For this water year, IID officials said nearly 300 fields were submitted for consideration in the district's emergency fallowing program, totaling more than 27,500 acres of farmland with a water conservation yield well in excess of IID's fallowed water requirement for the 2007-2008 fallowing program.

Due to this oversubcription, the district is offering contracts to eligible fields using a random selection system. District officials said that as contracts are declined, IID will offer additional fallowing contracts to fields based on their order from the random selection process until the program is fully contracted.

The first sets of fallowing contracts were sent to potential participants on March 12. In a prepared statement, the district said it anticipates completing the contracting process for the full number of fields by the end of April.

"Because the fallowing program is an emergency measure it's not a permanent solution. The longer-term hurdles are installing on-farm conservation measures and defining what can be done for IID system improvements," Brooke said. "Even with these considerable challenges, we're pretty much on schedule to get the plans and systems in place to manage the water transfer. But, don't get me wrong, we've still got some huge decisions ahead of us.

"We operate on a 24-hour system and constantly move the water around. As we set baselines for usage, we will have to decide if it's going to be based on actual crop requirements, historic use or by simple division of acres into acre feet. There's also a problem of fairness for farmers that have paid to improve their water conservation systems before the agreement was signed versus those who haven't installed the equipment yet," he said.

Yet another wrinkle that still needs to be ironed out is the future of the Salton Sea.
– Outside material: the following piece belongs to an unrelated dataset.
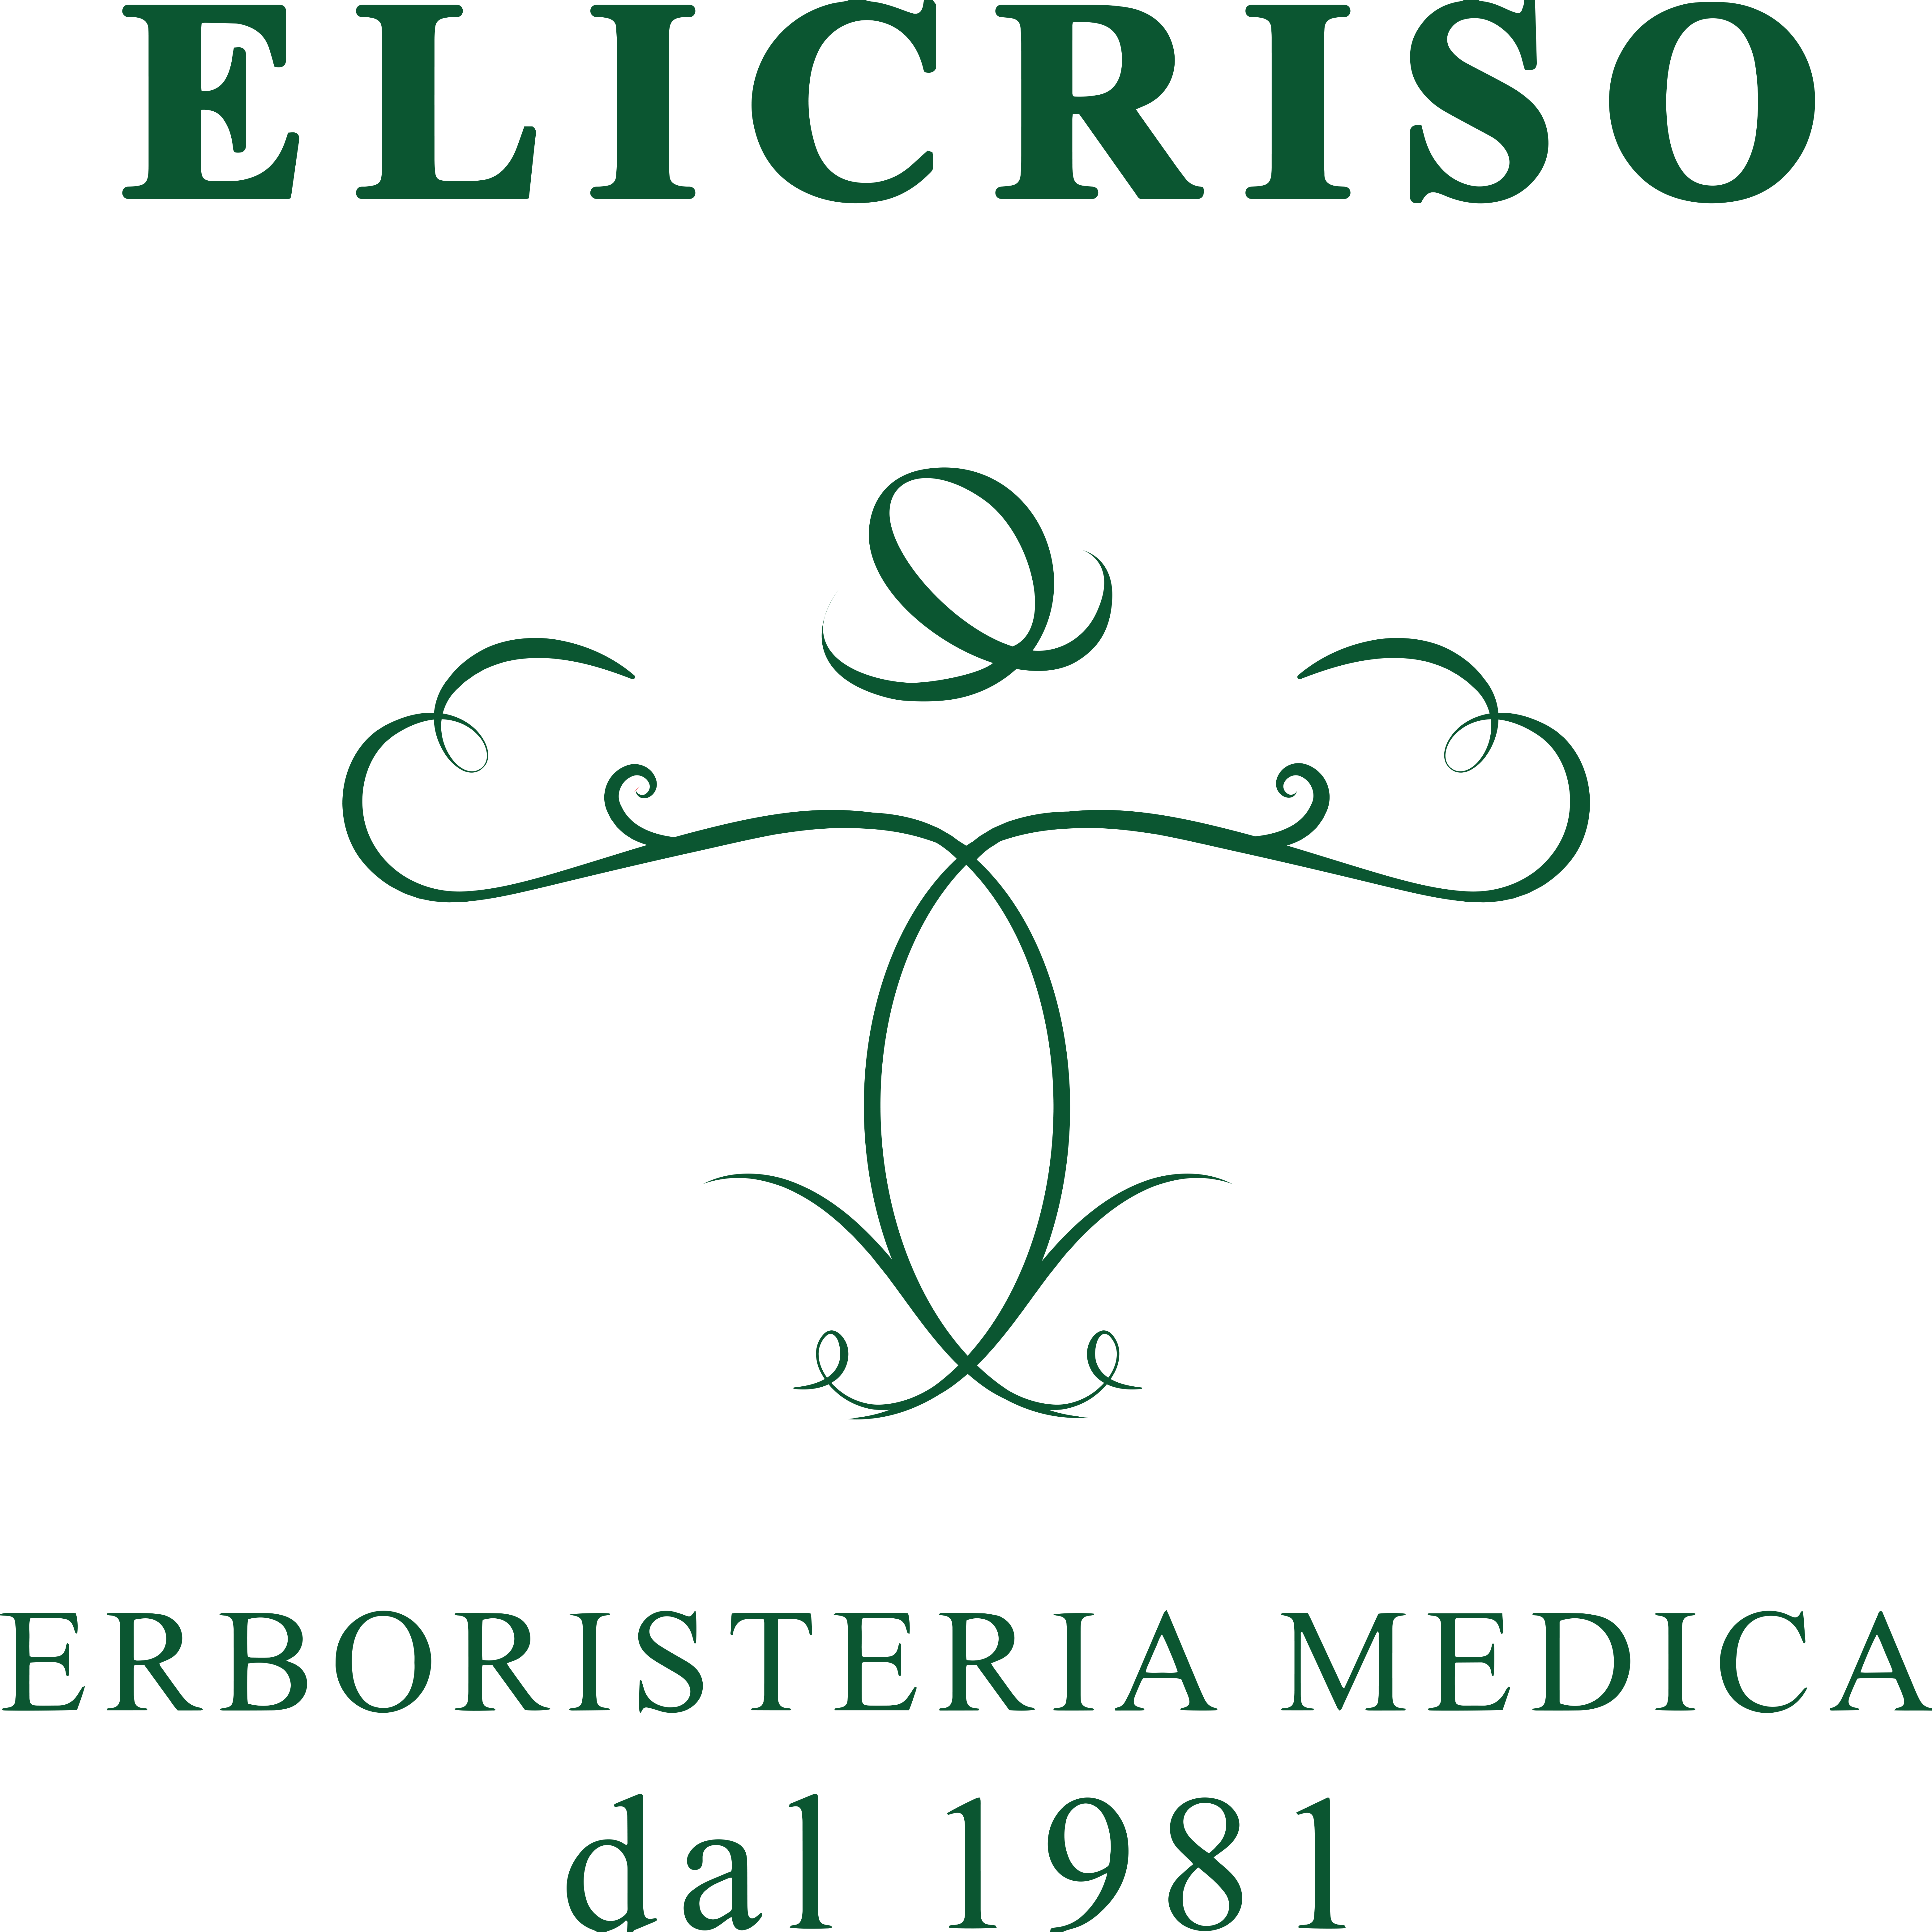 Erboristeria Medica L'Elicriso S.A.S. di Simone Cuccia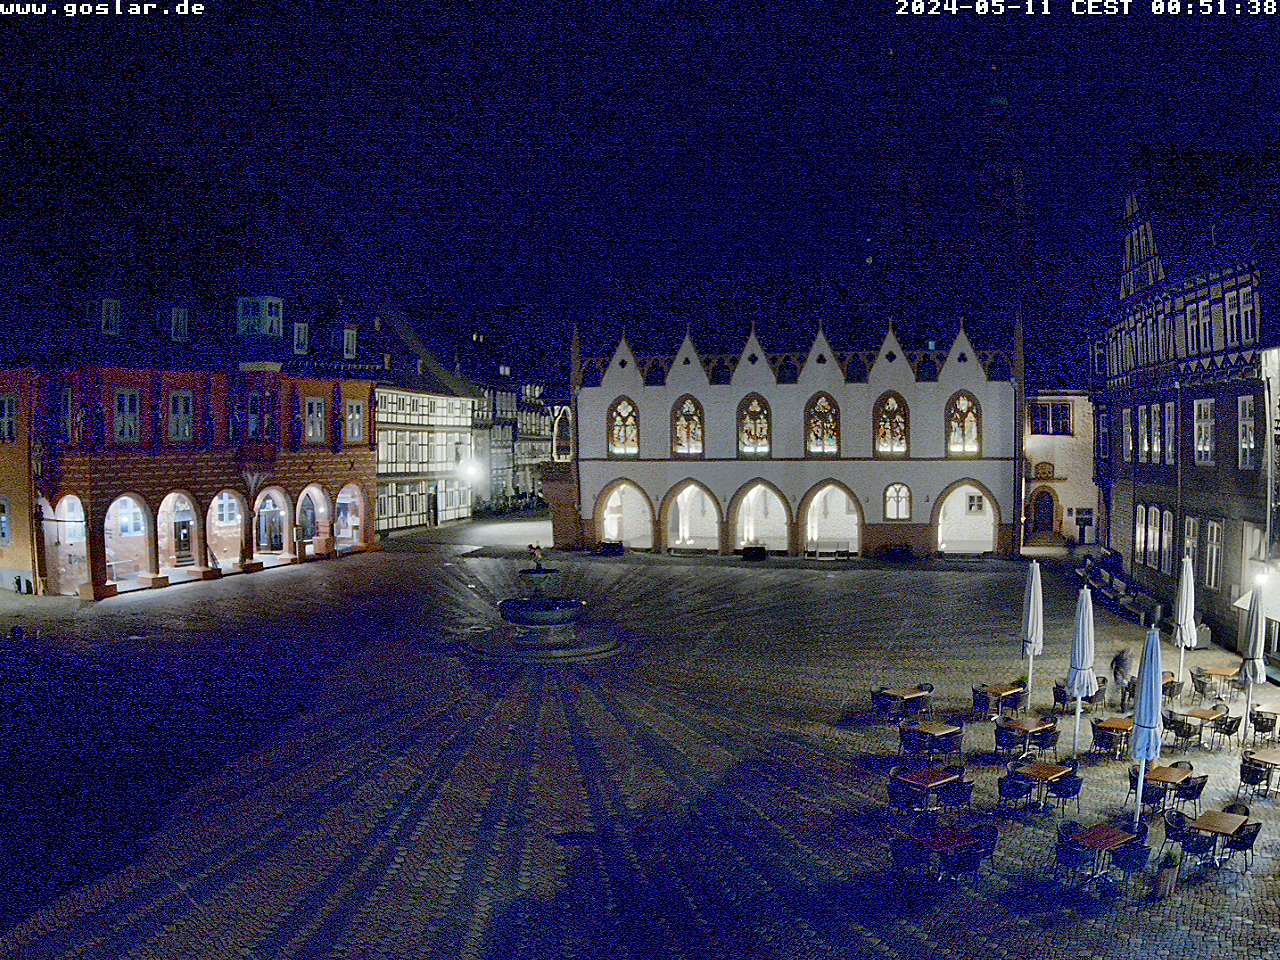 Goslar Mer. 00:51

Irrigation water drains into the sea and has since the man-made lake was formed by accident in 1905. Currently, the salinity of the sea is about 135 percent the salinity of the Pacific Ocean.

Water researchers say more than 17 percent of the delivered irrigation water in the Imperial Valley becomes tailwater runoff, the only supply of fresh water that goes to the sea, except water that comes from rain or system malfunctions. With improved conservation measures, that percentage would decline. For now Salton Sea mitigation water generated from fallowing will cover the shortfall, but other solutions are being sought.

Imperial County water and agriculture leaders have been working with state officials to develop a plan and funding to protect the Salton Sea, but Brooke said there's a long way to go to find a workable solution with broad-based support.

The impact of the water transfer, increased on-farm conservation, reduced runoff from farms into the Salton Sea, along with regulations related to TMDLs, major construction projects, lingering lawsuits, are just some of the issues sparked by the QSA and the required water transfer.

Brooke said that although progress is being made in sorting it all out, it's an effort that often leaves members of Imperial's vibrant farming community uneasy.

"We're business people trying to make future decisions without knowing all the details," he said.